Sure. The top 100 domains with that TLD still have little to do with Anguilla.

the way it goes is that a device/program of some sort displays a broad number of behaviours that previously was believed to be a future sign of artificial intelligence (e.g. somewhat coherent text, Turing test, giving the impression of following instructions and arriving at the correct results, etc).

some people claim this is artificial intelligence of a lower quality than humans, and these people expect that such mechanisms will eventually match and then potentially surpass humans.

then there's another crowd coming along and claiming no, this isn't intelligence at all, for example it can't tie its shoelaces.

my point was that every time you try to say that no this can't be what intelligence means, it needs to do X, I can find a human who can't do X, no matter how many years you might try to coach them. (for example, I will never be a musician/composer. I simply lack the gene.)

The retort is always "oh but in principle a human could do this". well, maybe next year's LLM will do it in practice, not just in principle, for all I know.

As they say, person who says it can't be done should not stop person doing it.

Heavier than air flight was once thought to be impossible. As long as you don't have a solid mathematical theorem that says only carbon replicators born from sexual intercourse can be intelligent, I expect some day silicon devices will do everything carbon creatures can do and more.


> my point was that every time you try to say that no this can't be what intelligence means, it needs to do X, I can find a human who can't do X,

Indeed, the point you are making is reasonable. But I'm trying to say that the premise is wrong. Nobody should be expected to come up with a reason why it is not intelligence. We should expect to be presented with evidence that it is intelligence. Absent that, the null hypothesis is that it isn't, just like any other computer program before isn't, uncontroversially.

I'm sure you already got my point, apologies for repeating it, but some clarification to clearly carve out our points may not hurt.


>Nobody should be expected to come up with a reason why it is not intelligence.

I'm not asking anybody to come up with a reason why it's not intelligence. I'm telling people they're wrong when they do try to justify calling it not intelligent. if you want to gatekeep a word, you should at least try to define it and then stick to the definition.

It is intelligence in the sense that if somebody had described it in 2010, we would have said yes, that's intelligence and it's hundreds of years away. It isn't intelligence in the sense that it's now here and we've found holes in the story.

Intelligence is so poorly defined that it's an ever receding finish line that somehow we're supposed to cross before we can call the device intelligent.

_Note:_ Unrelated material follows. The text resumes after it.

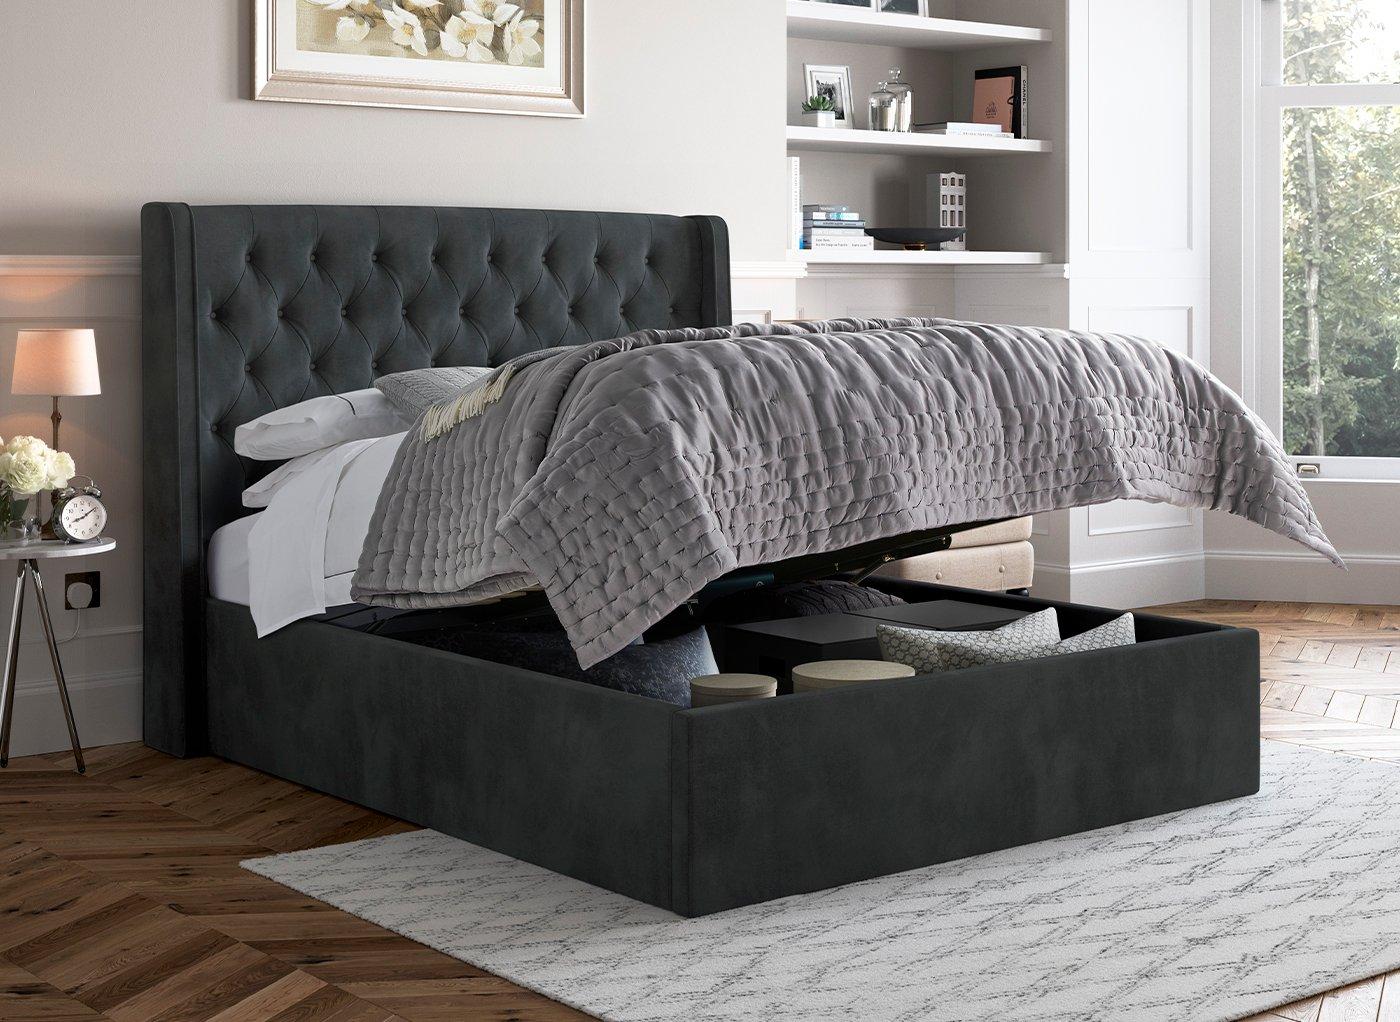 Black ottoman bed
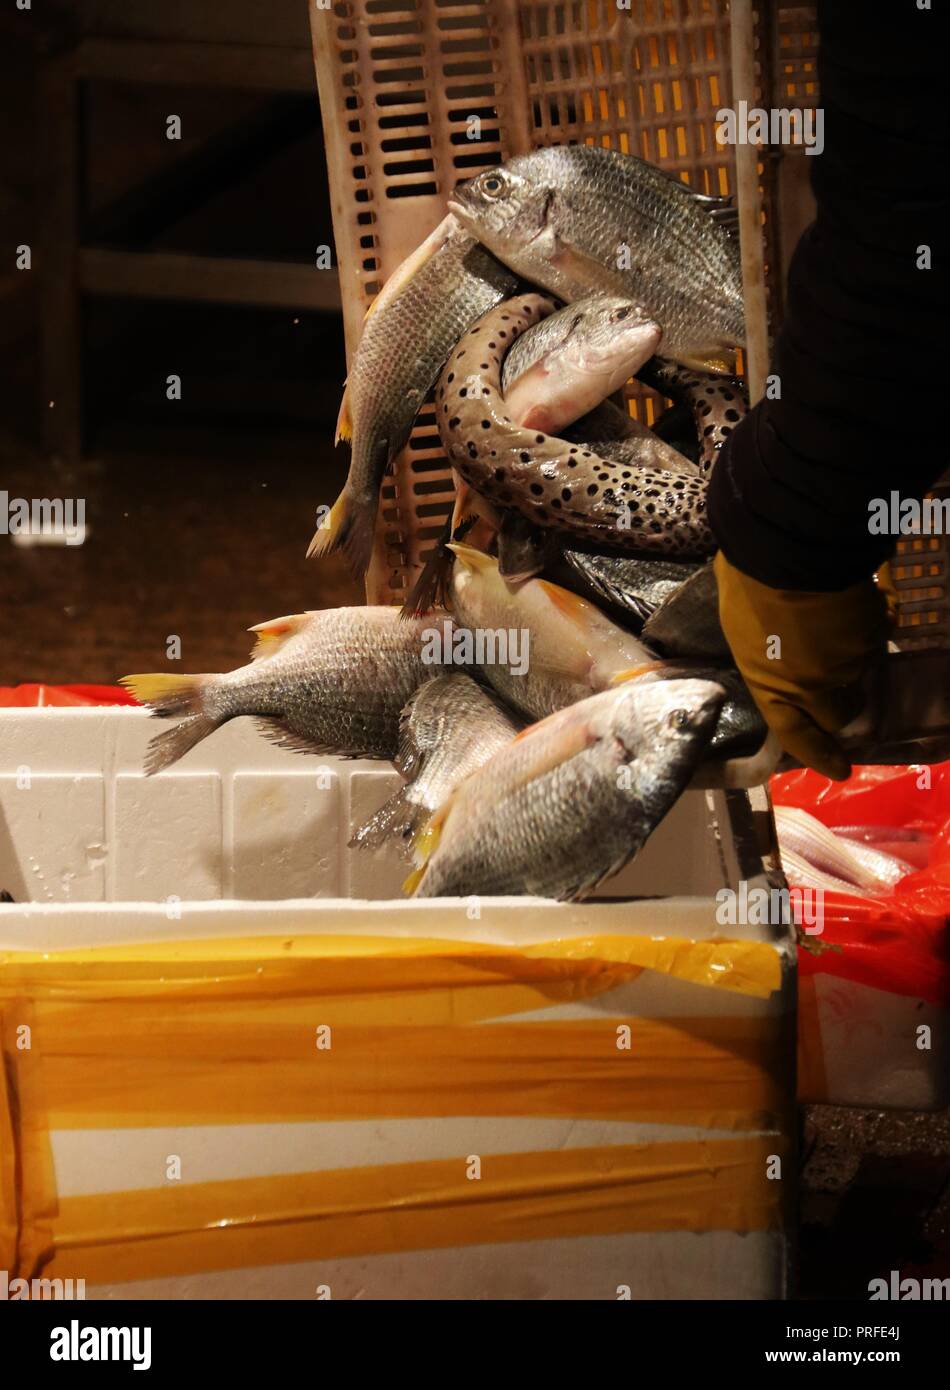 Fish night market in China Stock Photo

As Dennett said, it's like magic. Magic that is possible is just tricks. Real magic is that which is impossible.


IDK, they look intelligent, like the world looks flat.

As opposed to most humans? Have you tried reasoning with somebody "just trying to do my job sir"?

> Even low-IQ humans can in principle learn how to use Lean to represent a multivariate system.

That's an article of faith. In principle, elephants can fly at least once.


Only if you're pedantic about it. I find I can arrive at all sorts of absurd conclusions like that by being extremely pedantic.

It's almost as if thinking carefully about words leads to the realisation that words are approximations that are meant to describe, not prescribe.

If "intelligence" describes LLMs then it isn't doing a very good job.